──────── Given data ────────

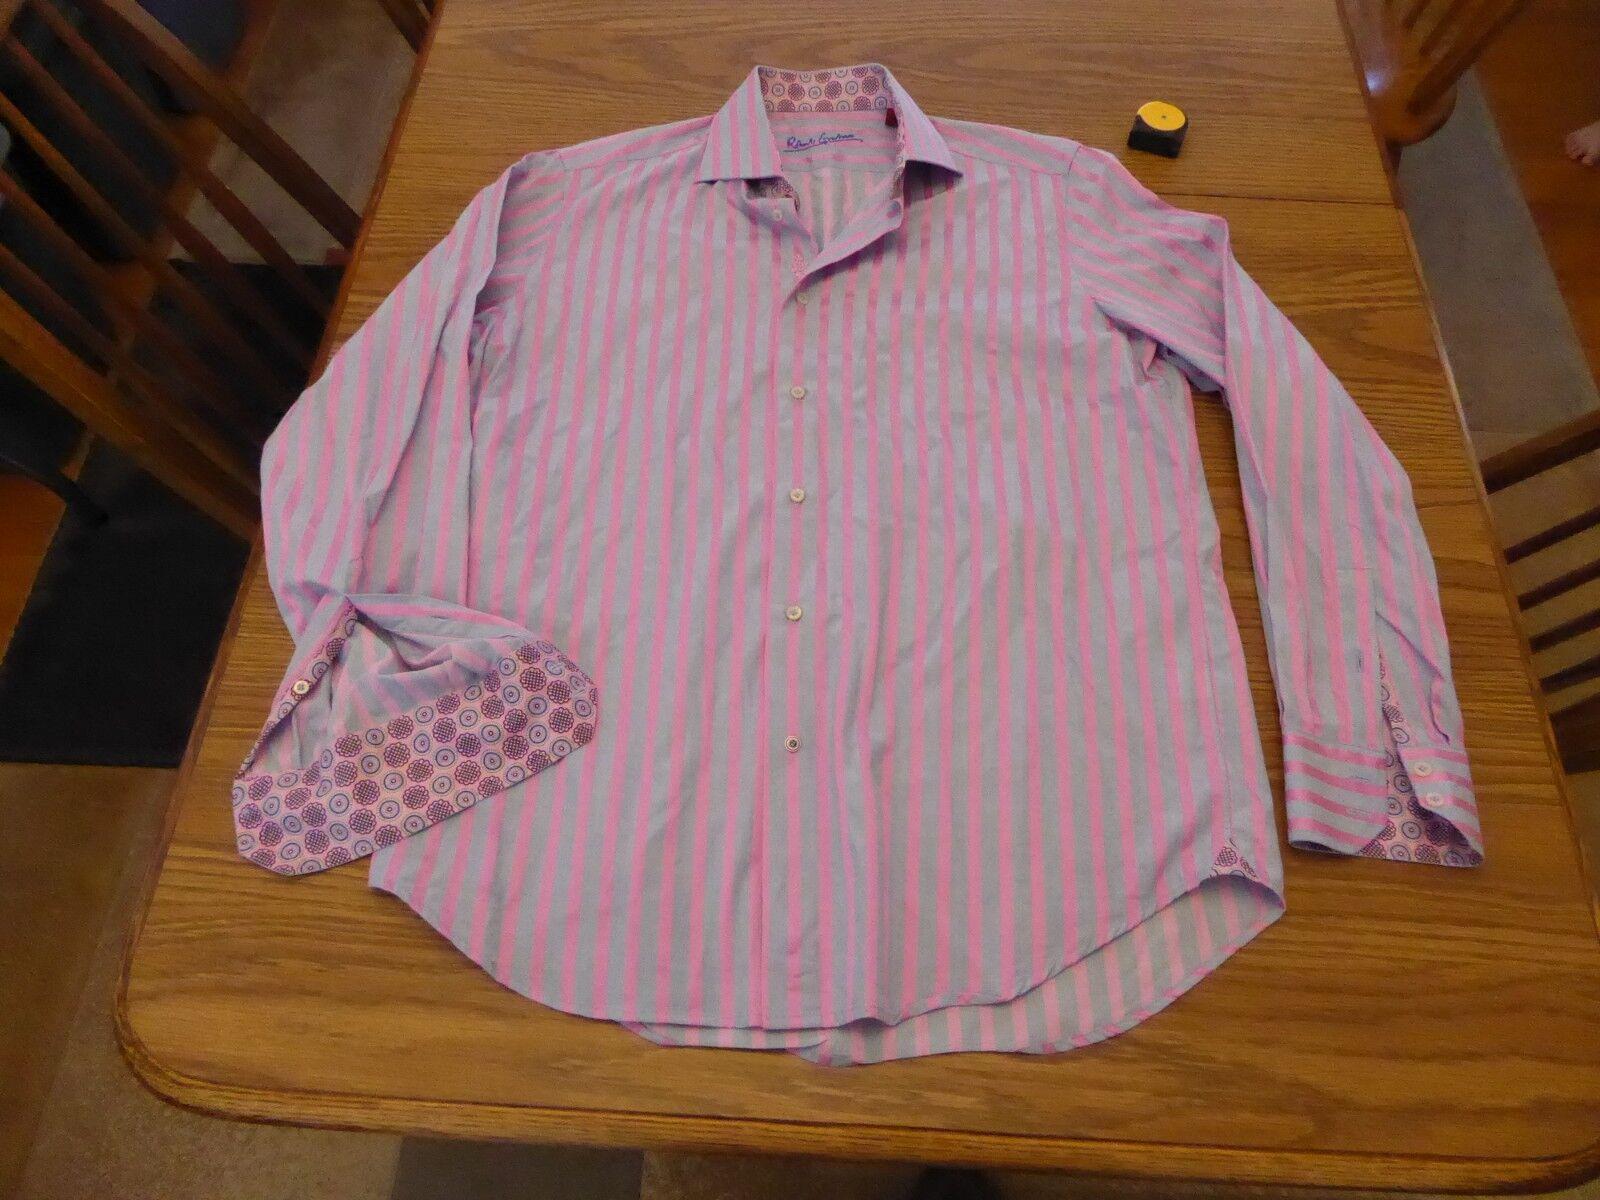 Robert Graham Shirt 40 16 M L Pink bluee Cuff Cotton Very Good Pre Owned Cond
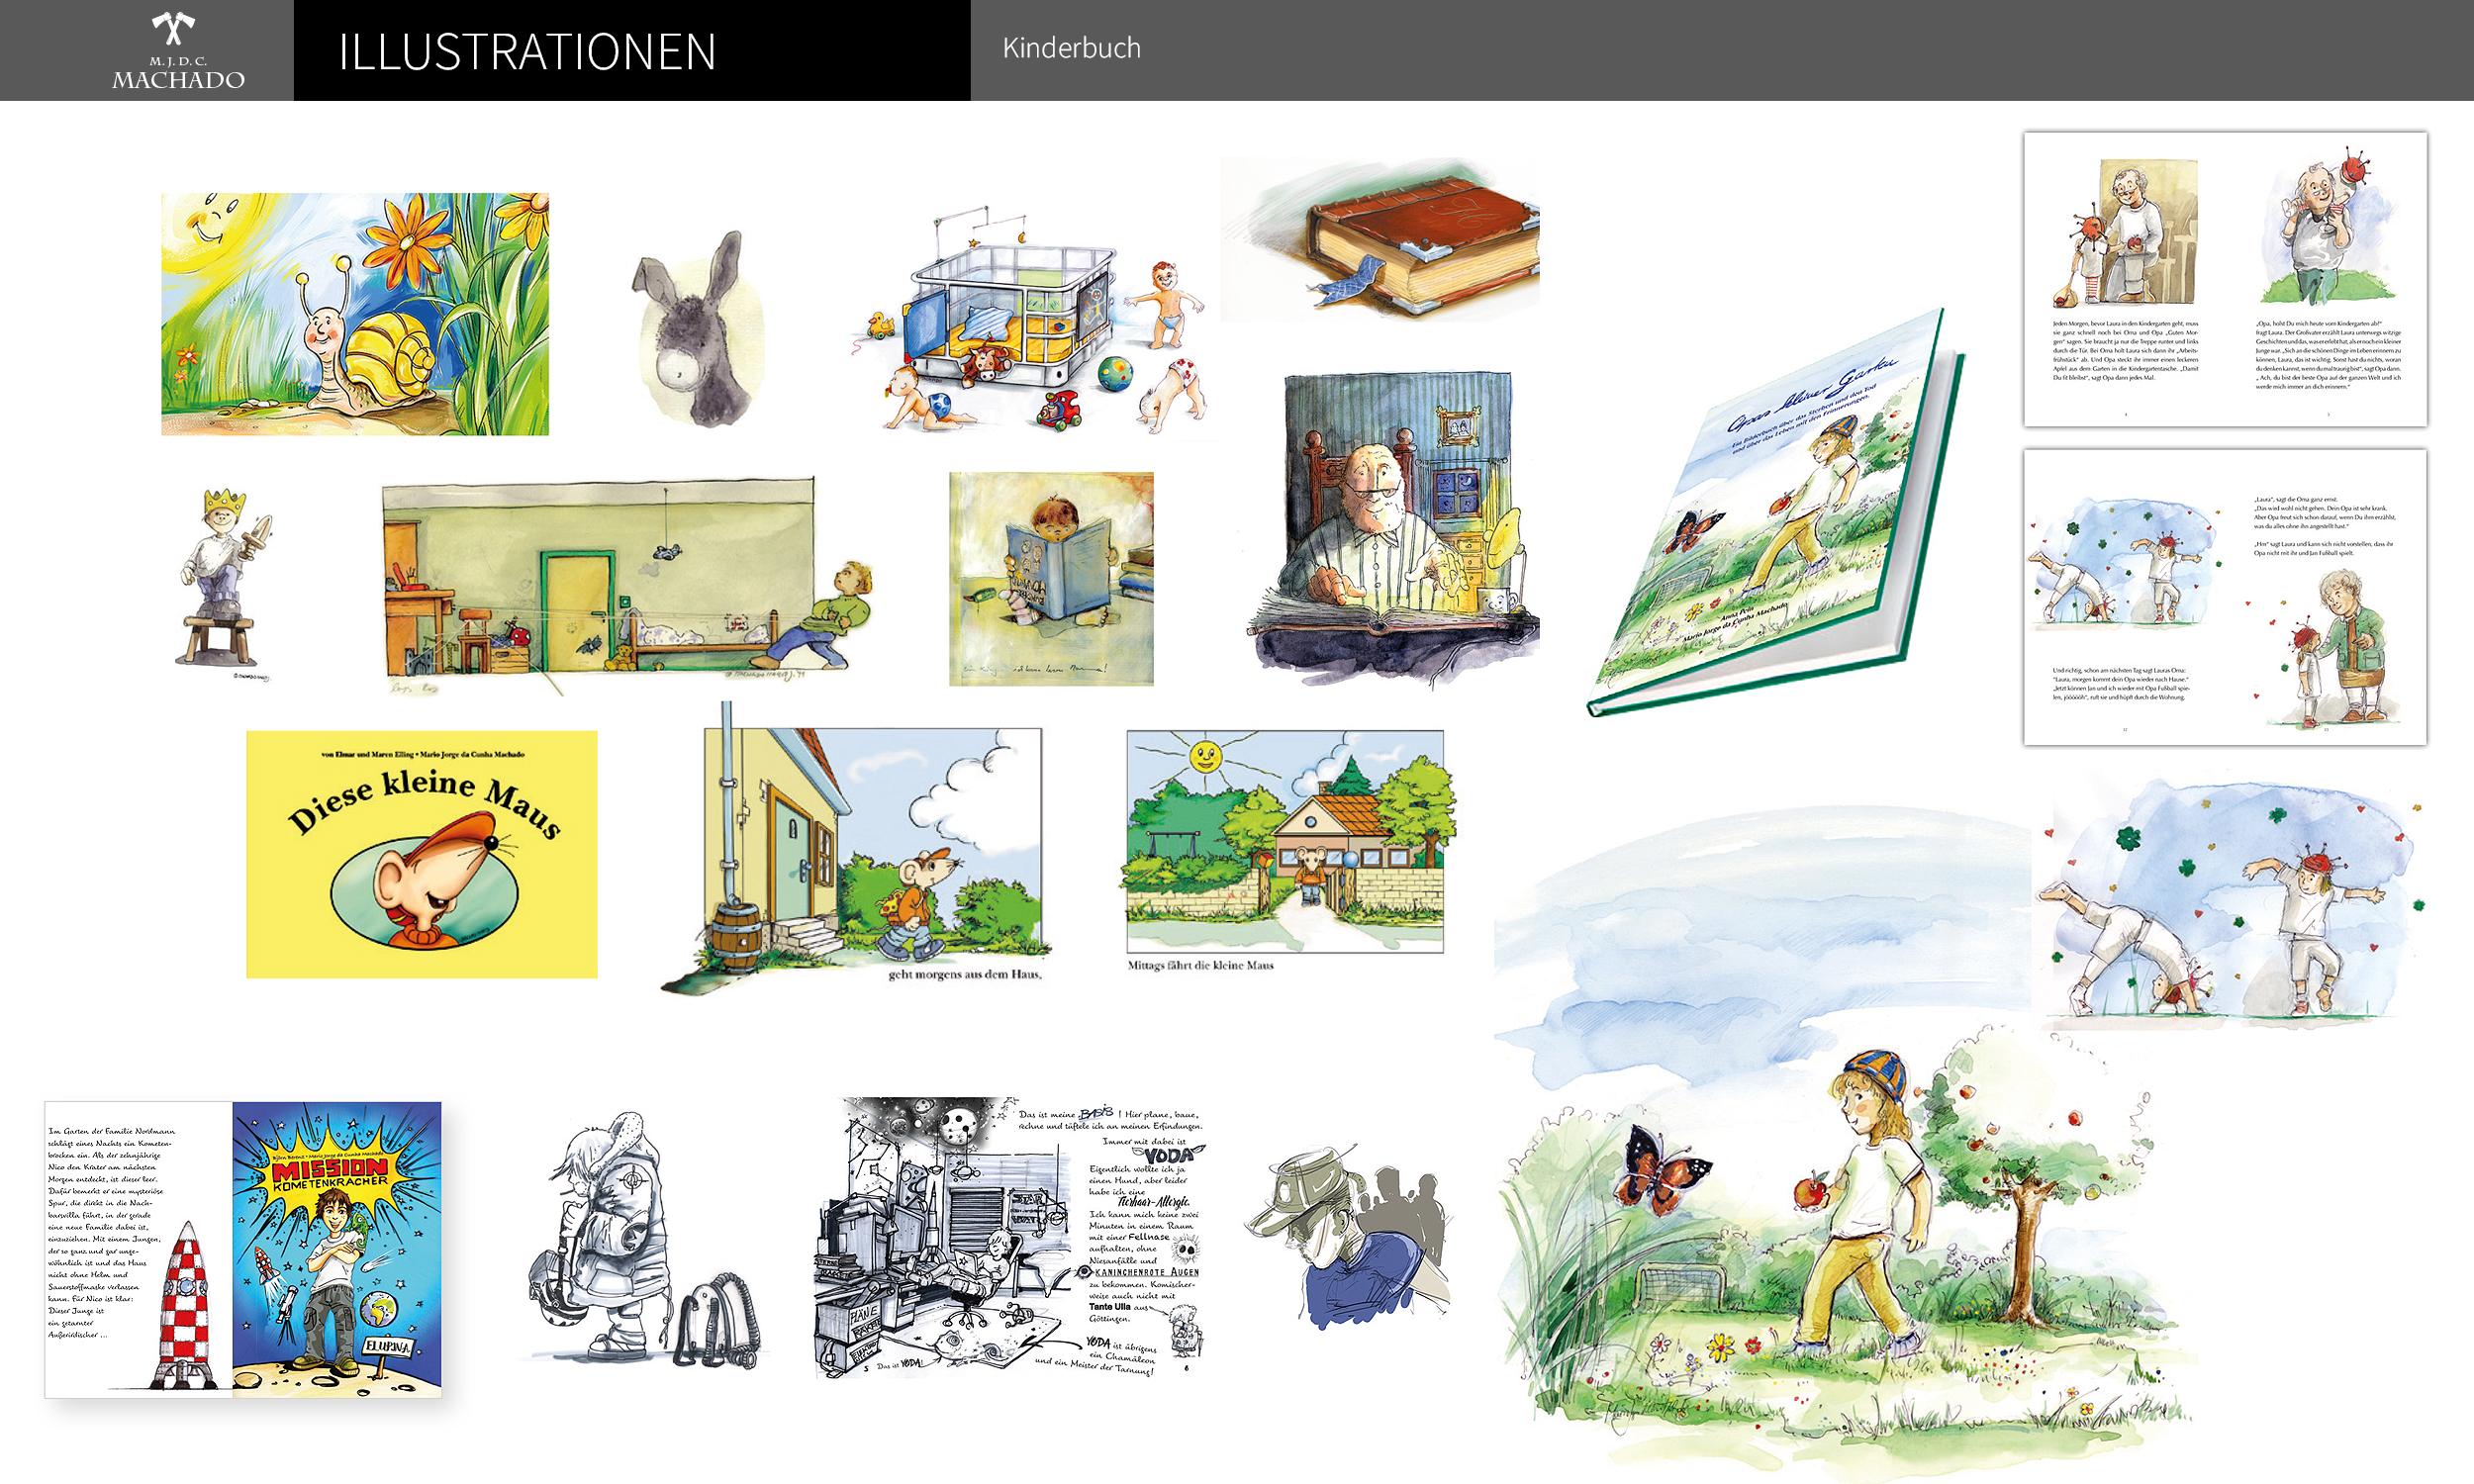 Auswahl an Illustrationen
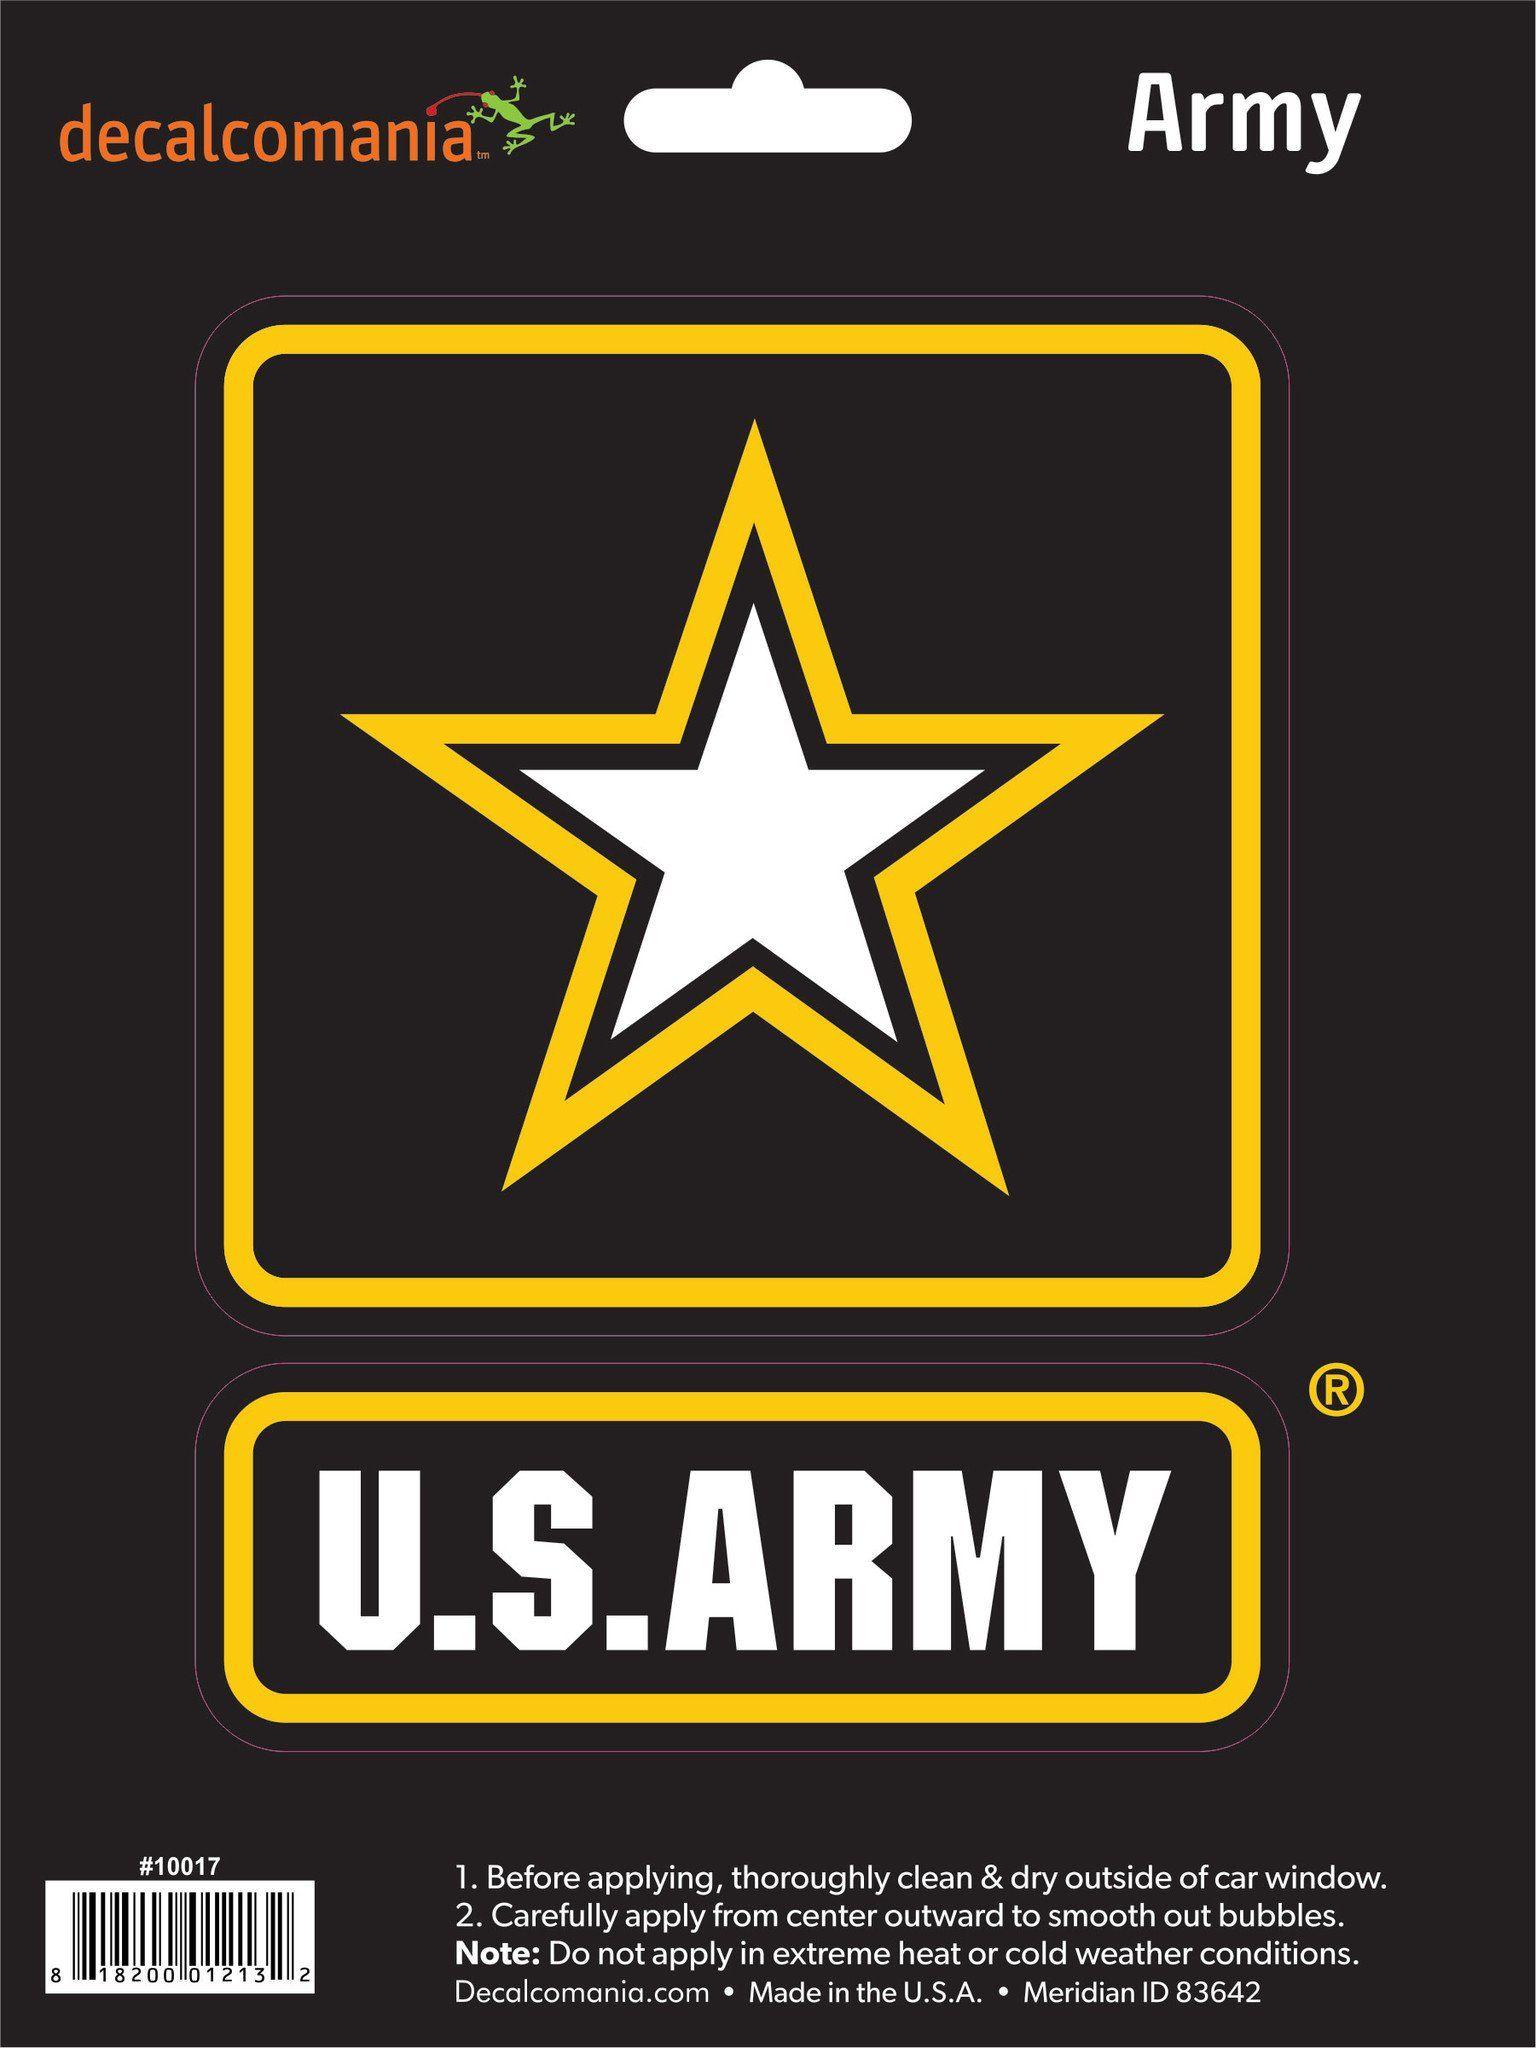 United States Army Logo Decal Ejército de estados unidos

────────

Set down the material once more, exactly, with the pictures omitted.

 Robert Graham Shirt 40 16 M L Pink bluee Cuff Cotton Very Good Pre Owned Cond
 Auswahl an Illustrationen
 United States Army Logo Decal Ejército de estados unidos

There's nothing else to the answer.